These functions consume the enumeration until it ends or an exception is raised by the first argument function.

val iter : ('a -> unit) -> 'a t -> unit

iter f e calls the function f with each elements of e in turn.

val iter2 : ('a -> 'b -> unit) -> 'a t -> 'b t -> unit

iter2 f e1 e2 calls the function f with the next elements of e and e2 repeatedly until one of the two enumerations ends.

val fold : ('a -> 'b -> 'b) -> 'b -> 'a t -> 'b

fold f v e returns v if e is empty, otherwise f aN (... (f a2 (f a1 v)) ...) where a1..N are the elements of e.

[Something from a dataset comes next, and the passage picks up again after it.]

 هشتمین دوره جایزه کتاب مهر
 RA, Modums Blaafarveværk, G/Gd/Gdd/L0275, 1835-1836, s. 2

val fold2 : ('a -> 'b -> 'c -> 'c) -> 'c -> 'a t -> 'b t -> 'c

fold2 is similar to fold but will fold over two enumerations at the same time until one of the two enumerations ends.

Indexed functions : these functions are similar to previous ones except that they call the function with one additional argument which is an index starting at 0 and incremented after each call to the function.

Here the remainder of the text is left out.